Этика убеждения и этика ответственности: Макс Вебер и Лев Толстой | страница 2



Между тем сам факт подобного – в большинстве случаев почти автоматического – искажения толстовской идеи, совершаемого уже в акте «первой встречи» с нею, свидетельствовал об одном и том же крайне прискорбном обстоятельстве. О том, что в России времен «позднего Толстого» уже не представляли, как правило, никакого иного противления злу, кроме насильственного. Всей Россией, и прежде всего ее разумом, который олицетворяла дореволюционная российская интеллигенция, овладевала «безумная идея», согласно которой злу можно сопротивляться, пользуясь только его собственными средствами, его собственным оружием: оружием войны или революции – в обоих случаях оружием организованного братоубийства. И, как показала уже первая мировая война, эта «безумная идея» овладела в конце концов умами совсем не одних только российских интеллектуалов: ею заболел «мировой дух» – если воспользоваться известным выражением Гегеля, которому этот «дух» явился в образе Наполеона, оседлавшего его как своего боевого коня.

И тут возникает кардинальный вопрос: не было ли такое – повторяю: едва ли не автоматически-»бессознательное» – «усекновение» уже самой формулировки толстовской идеи отражением этого предреволюционного и предвоенного «помрачения умов» всех тех «властителей дум» (как в России, так и во всем мире), которые усматривали свой «реализм», противополагаемый ими «морализму», и своей, пусть не всегда осознанной, но вере в конечное торжество зла, заставляющего даже его убежденных противников пользоваться его оружием, умножая тем самым общее количество зла в мире? Что и подтвердил наш проклятый Богом век и двумя мировыми войнами, и множеством насильственных революций, чьи победы увенчивались, как правило, либо гулагами, либо освенцимами, то есть геноцидом, организованным в «общегосударственном масштабе». А все это, вместе взятое, побуждает нас хоть немного, но задуматься, по крайней мере «попридержать коней» своей нетерпеливо-торопливой мысли («Мои мысли – мои скакуны»?), норовящей перескакивать теоретические препятствия, вместо того чтобы разбирать их.

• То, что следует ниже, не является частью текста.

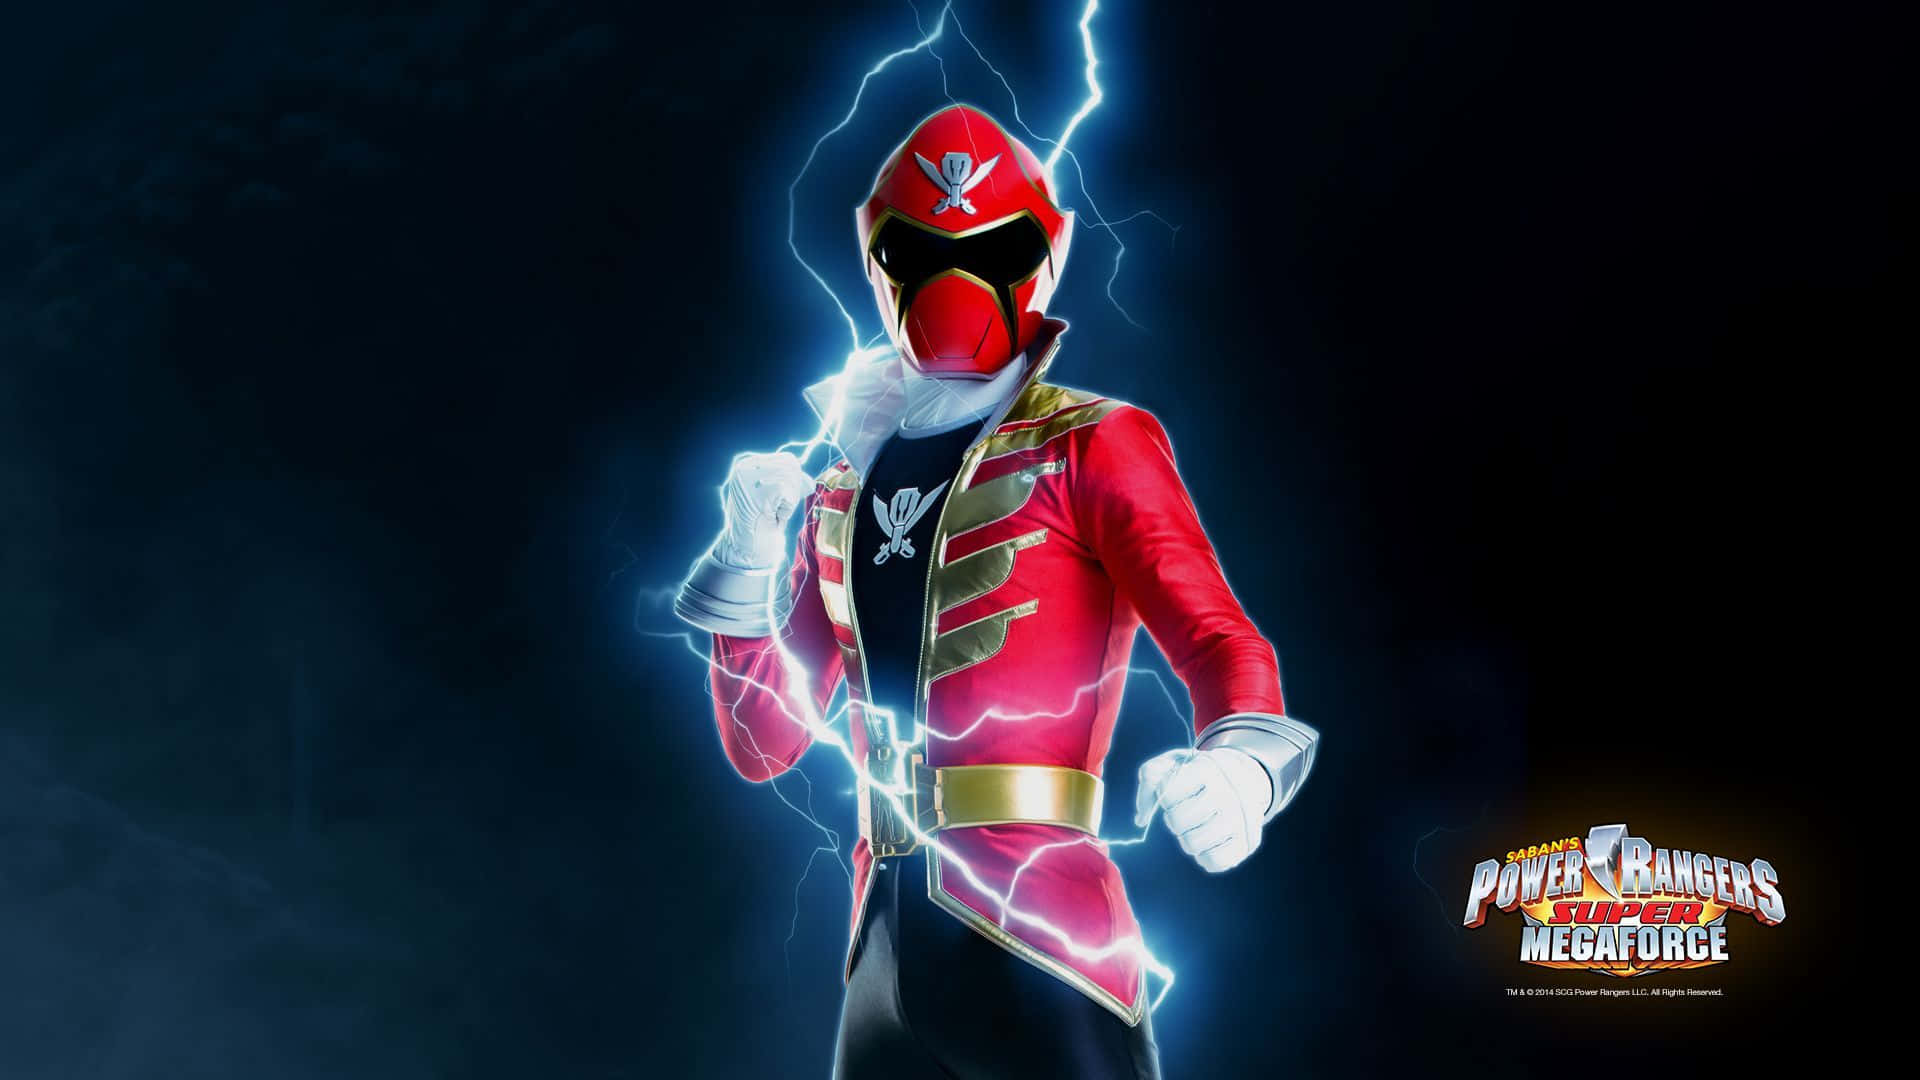 Mighty Morphin Power Rangers united and ready for action

В самом деле, так ли уж примитивен был Лев Толстой, кому ницшеанец Мережковский приписал «ум подростка» (противопоставив ему «бездны» глубокомыслия Ницше), когда утверждал, что насилие – это основное оружие зла и, применяя его против зла (пусть даже с самыми благородными целями), мы неизбежно оказываемся в двусмысленном положении, сознательно или бессознательно заключая сделку с ним по поводу самого главного? Не ставил ли тем самым Толстой проблему такой глубины, какую просто-напросто не смогли постичь даже мыслители более крупного масштаба, чем масштаб Мережковского? И не открывается ли на этой глубине не только нравственно-религиозная концепция, но определенная метафизика и онтология – целое миросозерцание, которое вынашивал Лев Толстой вплоть до самых последних его публикаций и набросков?